Review: The Osprey Air Campaign Series

Osprey Air Campaign Rolling Thunder

There are two things in life I am seriously addicted.  One of those is collecting vinyl LP’s.  I have lots and love listening to a wide variety of them.

My other addiction is painting tiny little airplanes. I don’t know that I paint them that well, but I paint them in gobs.  I don’t do WWI, but WWII and the post-war era all the way through the Falklands pretty much has my attention. Airplanes are pretty cool, If every single one of my way too many projects were completed, I would still be painting tiny little planes.

But I don’t like to aimlessly paint planes to dogfight each other.  I like games in which there is a specific goal-a bombing mission or something like that in which there are attackers and defenders, and yes, let’s change up those objectives from time to time.  I’ve bombed missile sites in Cuba, attacked the Tirpitz and Illustrious, raided San Carlos Bay, and shot at jets over the Taiwan Strait. All involved dozens of planes, which is just the way I like it.

Osprey Air Campaign Rabaul

I’m always looking for a new airplane project or trying to learn more about old projects, and now Osprey Publishing has become my dealer of choice for new information about potential projects.

Last year they began publishing a new series called Air Campaigns.  At the present time there are seven books in print with two more titles to follow after the first of the year.  I don’t have all seven, don’t need ’em all.  There’s little point to buying a Men at Arms book on Woodland Indians if you’re really just painting French Napoleonics, right?

Osprey Air Campaign Malta

The topic of each book is a prolonged air campaign.  If you are interested in the Battle of Midway or the air attack on Taranto Harbor, you’ve come to the wrong place.  The air campaign over Malta lasted for two and half years.  Operation Rolling Thunder persisted from 1965-68.  These are just two examples, but all the remaining topics lasted weeks if not months or years.

Osprey Air Campaign Tirpitz

Each book lays out the objectives of the campaign, the forces facing each other (in case you need your ration of airplane nerdism.) They have great maps that break down bombing raids, because there are lots of those in a campaign.  Yes it includes a few of the color plates we’ve come to expect from Osprey, but not as many you might have come to expect.  But the real value of the book comes in telling the story of the campaign and the brief analysis that follows.  Lots of period photos with solid captions.  Each book is 96 pages including references and index.
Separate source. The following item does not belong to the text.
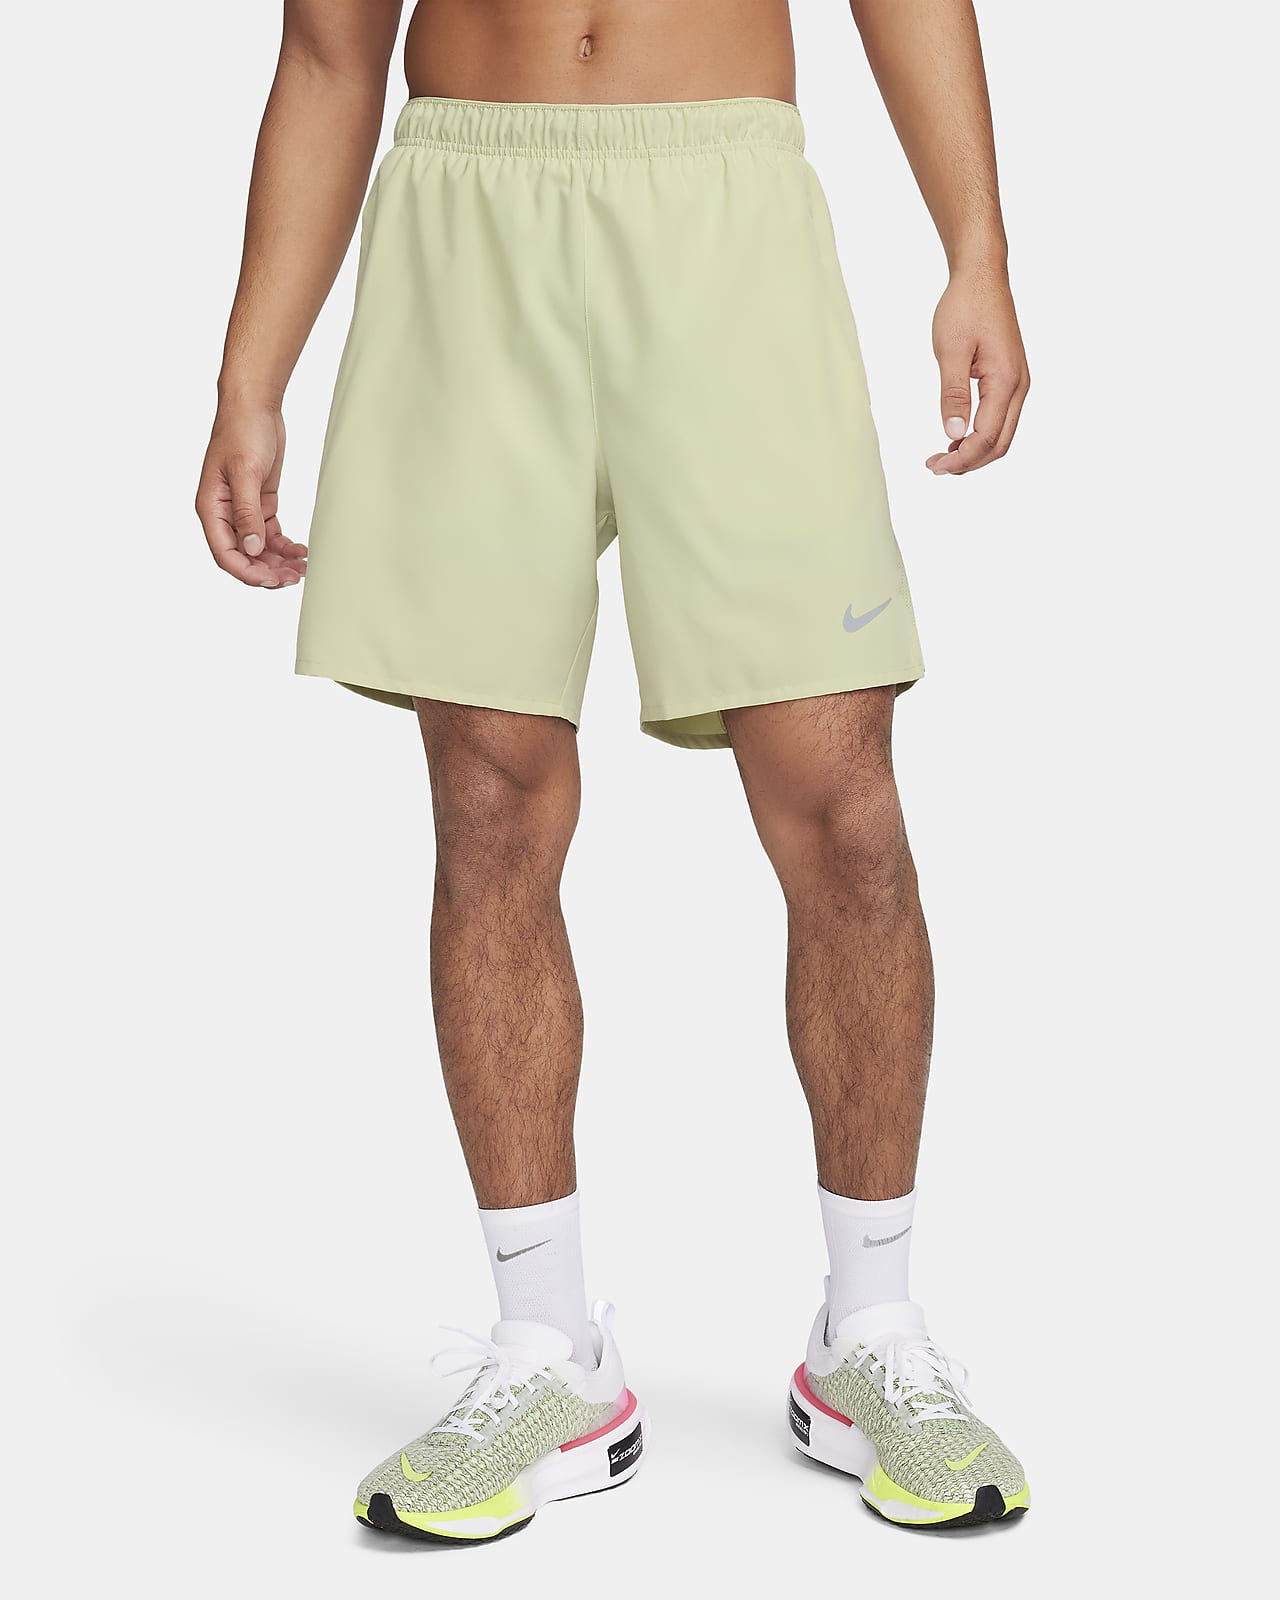 Nike Men's Running Shorts

It’s a big picture look at a campaign.  They resist the temptation to focus too closely on one pilot’s anecdotal exploits, or on one air mission.  The story doesn’t bog down. New factors are introduced as part of the timeline as are the failures, successes, new players and changes in approach to the problem that must be solved.

The books sell for $24 a pop, though I usually snag mine on Amazon for $14 or so. I have each of the books pictured, and plan to pick up the book on Operation Linebacker when it is released in January.  Not coincidentally, I’ve been writing about my Malta project, it will be succeeded by a Vietnam Downtown project, with Rabaul to follow.  Dave and I have done the Tungsten attacks on the Tirpitz, and we’ll revisit them again in May at Enfilade.

If find these to be useful sources without the requirement of a huge investment in either money or time.